As llama-server is only configured to serve a single model it can configured with any model name as it's ignored by llama-server but used by AI Server to route AI requests for that model to the custom AI Provider instance which you can try in the Chat UI:

Create API Keys for your Apps

After testing the llama-server instance is working with the Chat UI it's time to create API Keys for all your Apps so they can access AI Servers APIs with the API Keys UI:

It's recommended to use a different API Key per App so they can be monitored and analyzed separately.

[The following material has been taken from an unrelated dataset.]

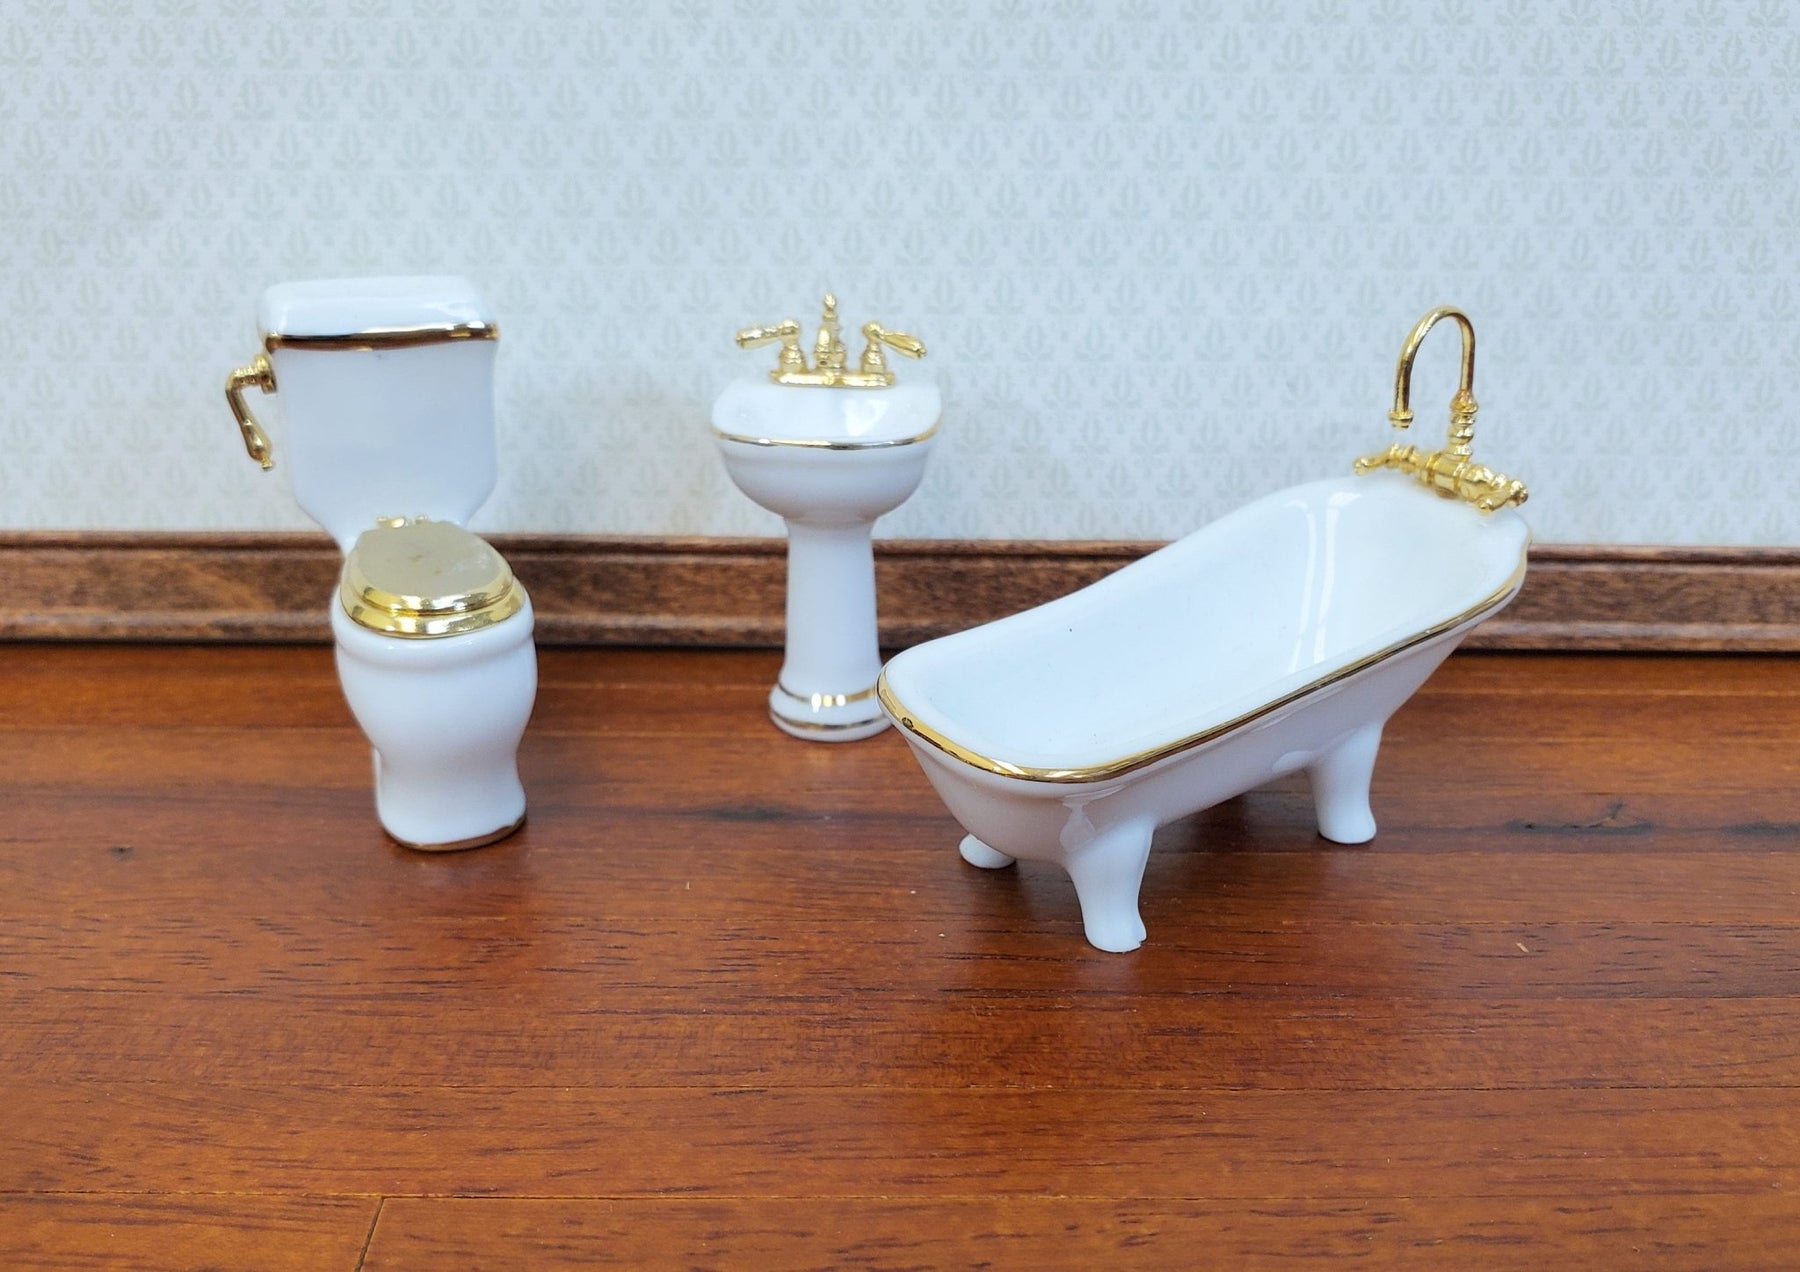 Dollhouse HALF SCALE Bathroom Set Reutter Porcelain Tub Toilet Sink 1:24  Miniatures 24k Gold Accents - Miniature Crush | Schmuck-Sets

With a valid API Key in hand your App's can use AI Server's DTOs with ServiceStack generic service clients to enable typed integrations in 11 different languages.

Synchronous Usage Example

Here's an example of Synchronous Usage in C#:

var client = new JsonApiClient("https://localhost:5006") { 
  BearerToken = Environment.GetEnvironmentVariable("AI_SERVER_API_KEY")
};

var response = await client.PostAsync(new OpenAiChatCompletion {
    Model = "phi4.gguf",
    Messages =
    [
      new() { Role = "system", Content = "You are a helpful AI assistant" },
      new() { Role = "user", Content = "How do LLMs work?" }
    ],
    MaxTokens = 50
});
var answer = response.Choices[0].Message.Content;

Queued Open AI Chat Completion

Alternatively, you can call the same endpoint asynchronously which will queue the request for processing then check the status of the request and download the response when it's ready.

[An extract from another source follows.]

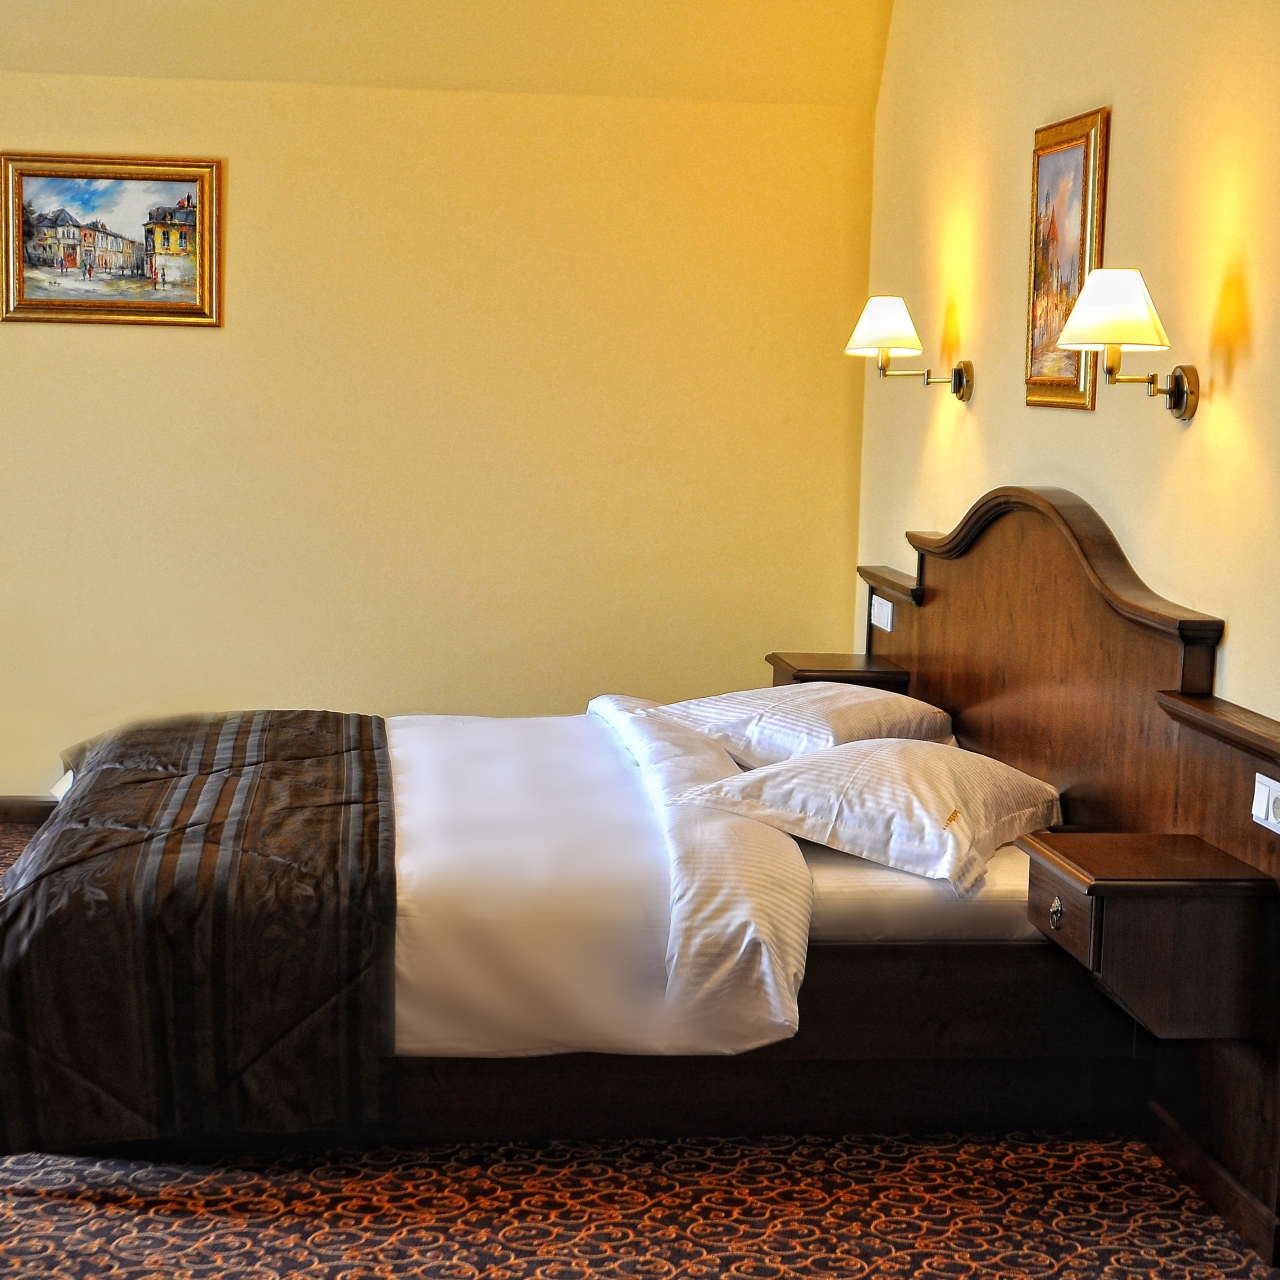 Cum găsești un loc de cazare în Sebeș ideal pentru întreaga familie?

var response = await client.PostAsync(new QueueOpenAiChatCompletion {
  Request = new() {
    Model = "phi4.gguf",
      Messages =
      [
        new() { Role = "system", Content = "You are a helpful AI assistant" },
        new() { Role = "user", Content = "How do LLMs work?" }
      ],
      MaxTokens = 50
    },
});

// Poll for Job Completion Status
GetOpenAiChatStatusResponse status = new();
while (status.JobState is 
  BackgroundJobState.Started or BackgroundJobState.Queued)
{
    status = await client.GetAsync(new GetOpenAiChatStatus { 
      RefId = response.RefId 
    });
    await Task.Delay(1000);
}

var answer = status.Result.Choices[0].Message.Content;

ReplyTo Callback Chat Completion

A more reliable Application integration pattern is to provide a ReplyTo callback URL to get notified of the response when it's completed, e.g:

var response = await client.PostAsync(new QueueOpenAiChatCompletion {
  Request = new() {
    Model = "phi4.gguf",
      Messages =
      [
        new() { Role = "system", Content = "You are a helpful AI assistant" },
        new() { Role = "user", Content = "How do LLMs work?" }
      ],
      MaxTokens = 50
    },
    ReplyTo = "https://localhost:5001/api/QueueOpenAiChatResponse"
});

This enables a push notification integration where your response is not coupled to the client making the request and polling for the response. It's a more robust solution as the notification is handled by a managed background job with retries so that App's are still able to get notified of responses after deployments.